Kullanılabilirlik onaylamasında kriter olarak ele alınacak standartlar: Benzer kuruluşlarla karşılaştırma, model kullanılabilirlik onaylaması için asgari bir standart sunabilirken, değişen risk ortamı ve artan hissedar beklentilerine ayak uydurmaya yetmeyebilir. Şirketler kendi kriterlerini belirlemeli ve sürekli değişen taleplere yanıt verebilmek için süreçlerini geliştirmelidir.

Veri ve varsayımların doğrulaması: Sigorta şirketleri ekonomik sermaye modellerinde ilgili bütün risklerin yansıtıldığını doğrulamalı, bu riskleri rakamlara dökmek üzere kullanılan veriler ve varsayımların kalitesini ölçmeli, riskleri araya getirme metodolojilerinin makullüğünü değerlendirmeli ve bütün model süreçlerinin planlandığı gibi işlediğini teyit etmelidir.  Verilerin, varsayımların ve model mimarisinin tüm yönlerini dikkatlice incelemek zahmetli bir iştir, bu yüzden şirketlerin geçerlilik onaylama çabalarını ekonomik sermaye modellerinin en önemli bileşenlerine yoğunlaştırmaları tavsiye edilir.

Güçlü model yönetimi ve dokümantasyon: Model güvencesi, mümkün olan her yerde daha geniş kontrol süreçlerinden yararlanan ve yönetim kuruluna dek ulaşan güçlü bir model kullanım ve yönetim çerçevesiyle desteklenmelidir. Etkinlik sağlama doğrultusunda idari gözetim, analizin dayandığı istatistiksel teorilerin anlaşılması ve gerektiğinde çıktıların sorgulanması, modelin başarısı açısından zorunludur.

Etkin entegrasyon ve kullanım: Ekonomik sermaye modelleri, bir kuruluşun risk konusundaki istekliliğinin rakamlarla ifadesi, hedeflerinin belirlenmesi ve performans ölçümü için risk ayarlı bir teorik altyapı sunabilir. Bu ekonomik sermaye yönetimi araçlarının amaca hizmet etme yeterliliği, şirket genelindeki değerlendirme tekniklerinin tutarlılığı ve bu araçların iş planlamasına tam entegrasyonuna bağlıdır, bu da tüm şirketin bir ölçüde model kullanımını kabulünü gerektirir.

Yönetim kurulları hangi noktaları sorgulamalı?

Ekonomik sermaye modelinin istatistiksel mutlak doğruluğu elde edilemese dahi, modelin kullanım amacına uygunluğunu sağlamak mümkündür.
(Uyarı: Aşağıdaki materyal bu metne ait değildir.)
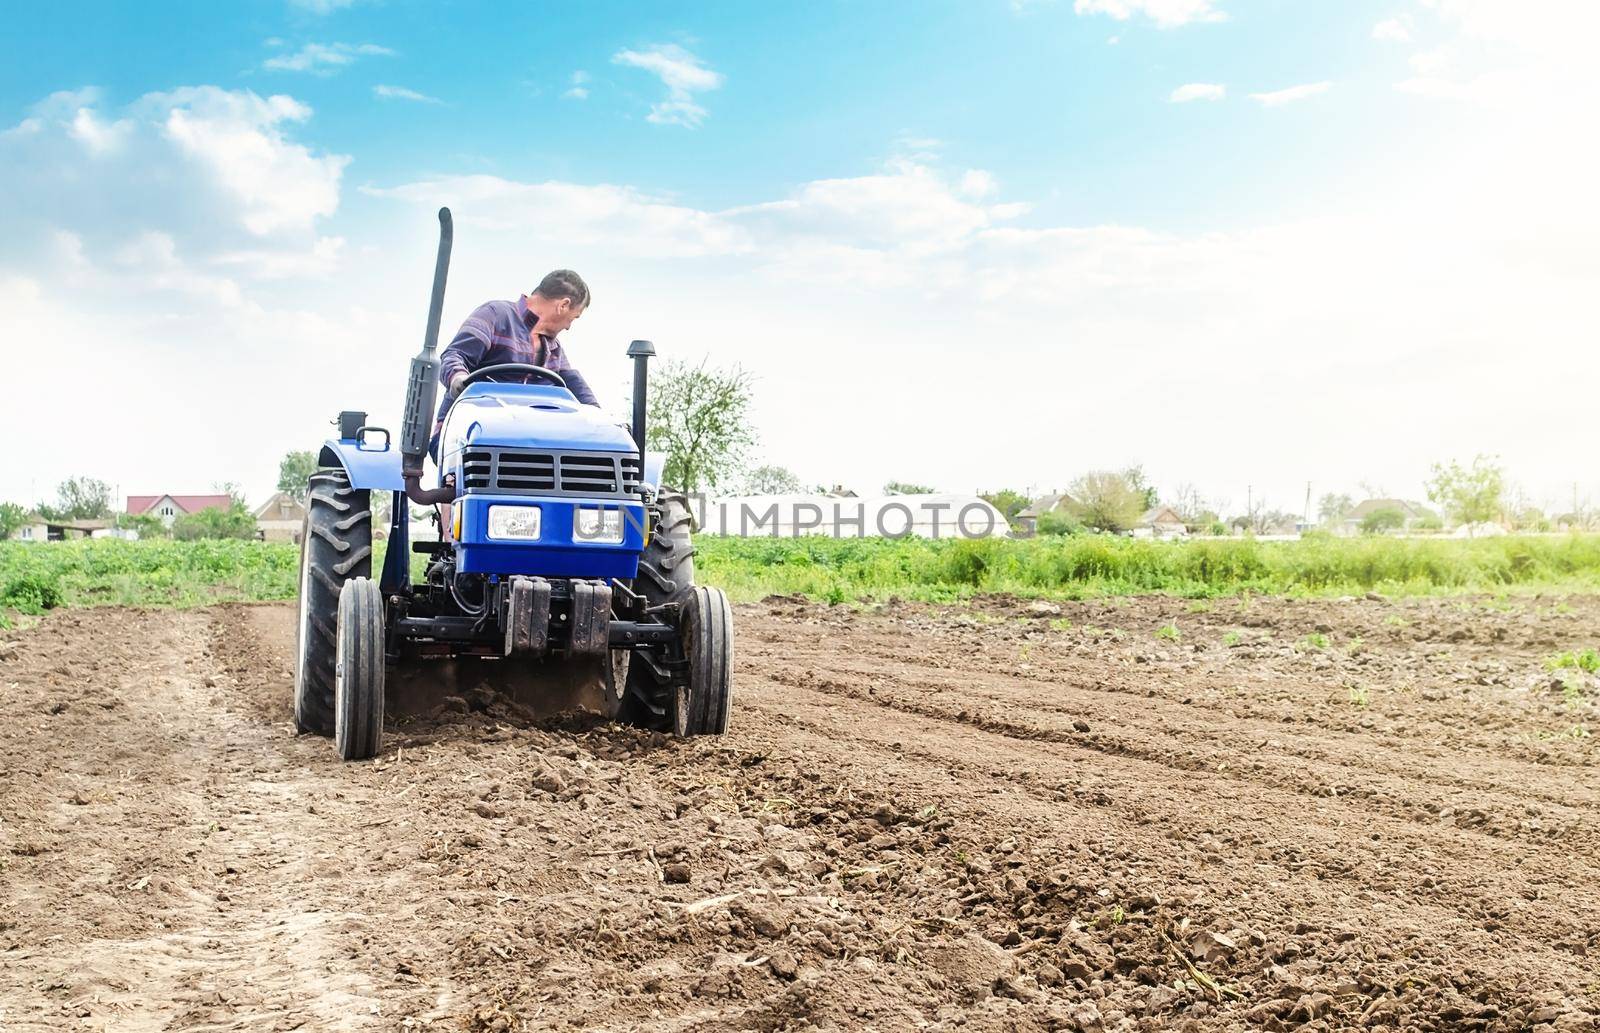 Farmer is processing soil on a tractor. Soil milling, crumbling mixing. Loosening surface, cultivating land for further planting. Agroindustry, farming. Agriculture, growing organic food vegetables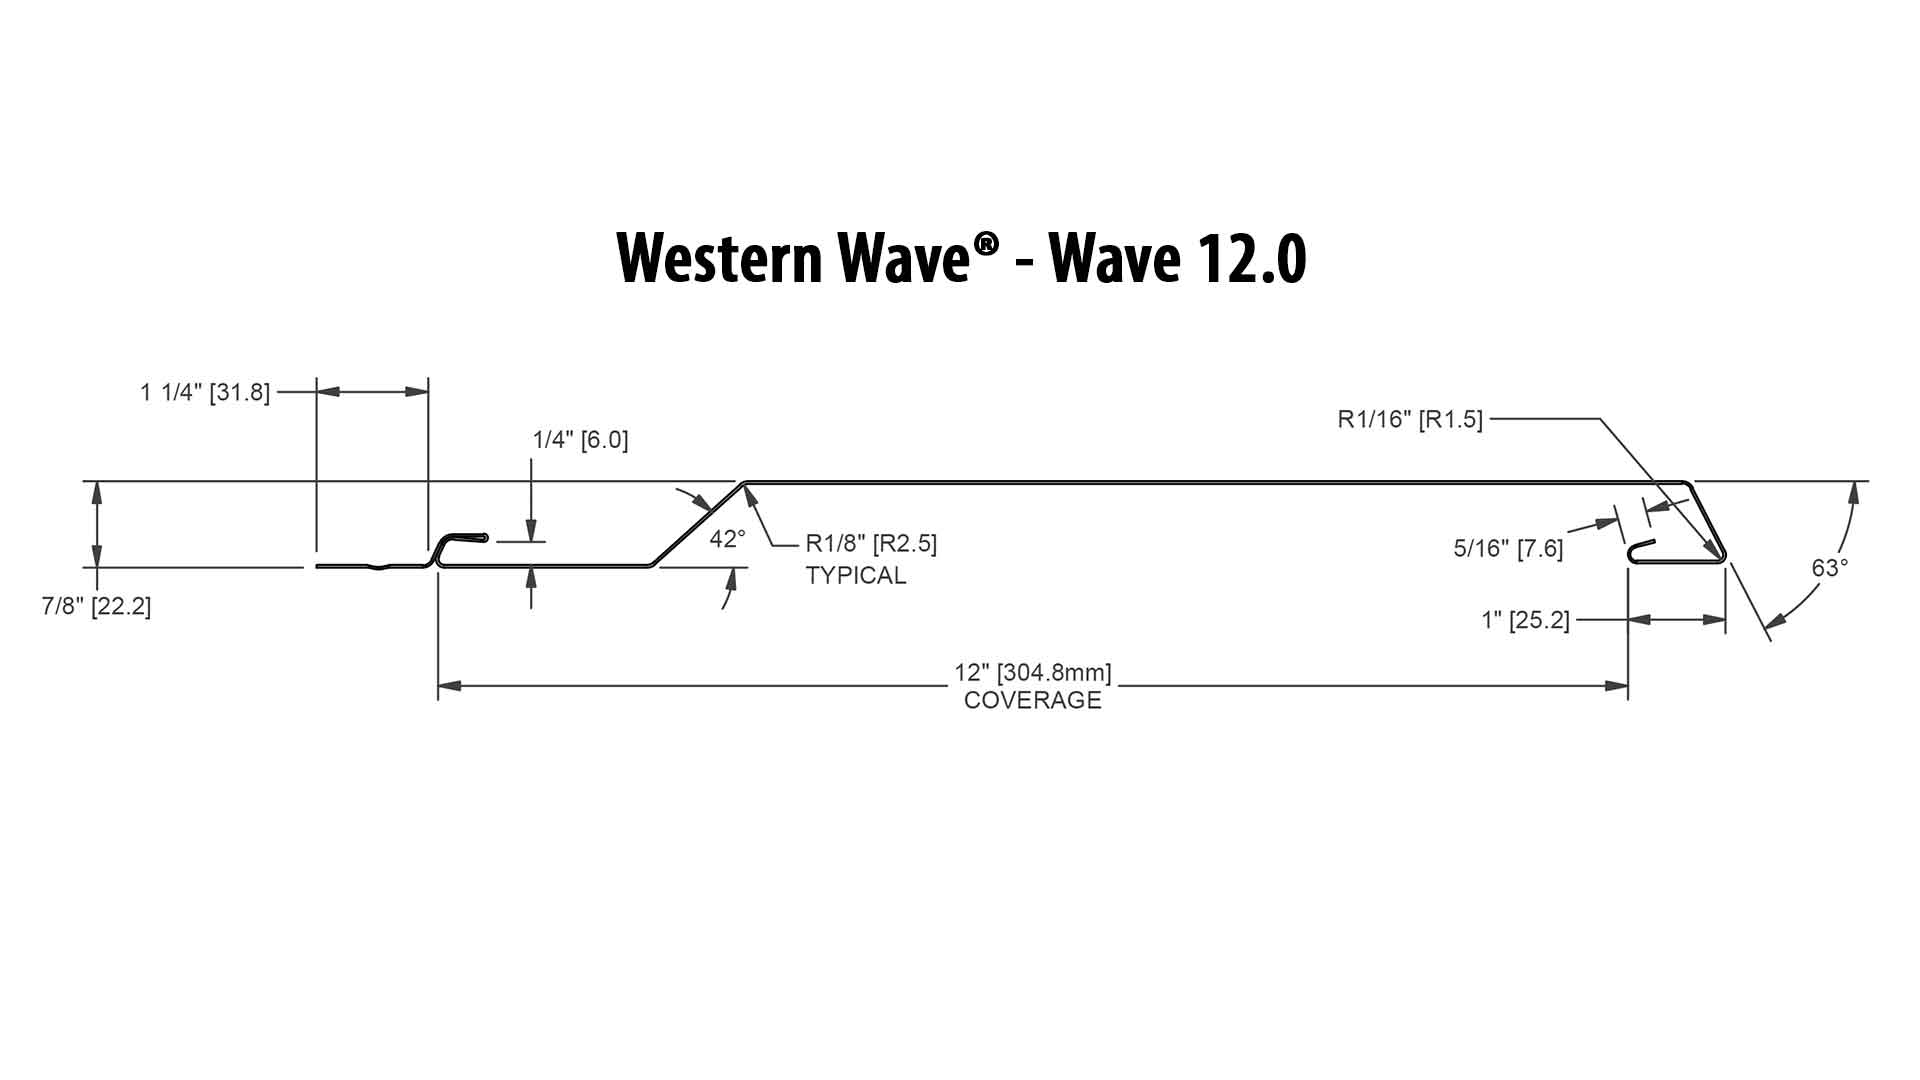 Western Wave - 12.0 Line Drawing

Bu doğrultuda yönetim kurullarının sorgulaması gereken kritik noktalar şunlardır:

· Risk tercihlerimize aykırı kararlar mı alıyoruz?

· Hangi senaryolar katastrofik bir başarısızlığa yol açabilir ve yönetim ilgili riskleri kabul etme konusunda kararlı mıdır?

· Şirket içinde verilerimiz ve modellememizin gerektiği biçimde kontrol edildiği ve mantıklı varsayımlara dayandığı güvencesini kim verebilir?

· Modellememizin en belirsiz alanları hangileridir ve bunları iyileştirmek adına neler yapabiliriz?

· Modelimizi hassasiyet testi ve geriye dönük test uygulamalarından geçirdik mi? Örneğin modelimiz mevcut çalkantılı piyasa şartlarının etkisini nasıl öngördü? Yönetim sonuçlardan memnun mu?

Birçok faktörün en ince ayrıntısına kadar ele alınmasının gerektiği günümüz şartlarında sigorta şirketlerinin yukarıda belirtilen çerçevede en uygun ekonomik sermaye modellerini kurmaları, şirket yönetimlerinin ve yatırımcıların güvenlerini kazanmada en önemli adımlardan biri olacaktır.